Saturday, August 12, 2017

Voice recognition for your Linux VM

I remember in the good old days of Internet Explorer 6 when Dragon NaturallySpeaking would allow you to do most anything that could be done. Technology then moved forward, other versions of Dragon came in and went, Flash and dancing monkeys became more ubiquitous on webpages. I have not been able to re-experience that level of control since then, but while Dragon is still mighty for web browsing on native systems, it has become quite expensive with the dropping out of the home versions and is not available for Linux at all.

Is it possible to get some of that control back and for your Linux virtual machine guest?

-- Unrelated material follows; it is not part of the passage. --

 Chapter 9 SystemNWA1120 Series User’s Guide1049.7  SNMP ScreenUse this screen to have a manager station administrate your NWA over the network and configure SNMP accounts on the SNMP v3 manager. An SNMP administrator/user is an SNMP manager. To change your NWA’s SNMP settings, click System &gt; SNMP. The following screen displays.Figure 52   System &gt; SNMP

As it turns out, it can be done, albeit in a limited fashion, thanks to the generous time spent by independent developers. For Windows 10 this is what you'll need:

  • Glovepie .23 by Carl Kenner
  • The latest version of Firefox for your VM, though a older one might still work
  • The Mouseless Browsing add-on by Rudolf Noe for Firefox (as far as I know, there is no Chrome equivalent)
  • A good microphone. Shop around for the best one you can afford.
  • A script for Glovepie (I include mine a bit down)
  • Your virtual machine client (I use virtualbox)

With this setup, the Mouseless Browsing add-on gives numbered labels to all clickable items on a webpage rendered by Firefox; with the script Glovepie translates your voice commands, leveraging Windows 10's own voice engine, into keystrokes which the VM passes on to the add-on; this one in turn reacts to the received keystrokes and magic happens. In other words, you browse by speaking the numbered labels and your own custom commands.

There is a bit of a lag when each page is number-populated, though some benefit might be gained on Firefox goes multithreaded on version 54 or so. For my own personal set up, I added the control key as a switch and set the control + Y key combination as the hide numbers switch.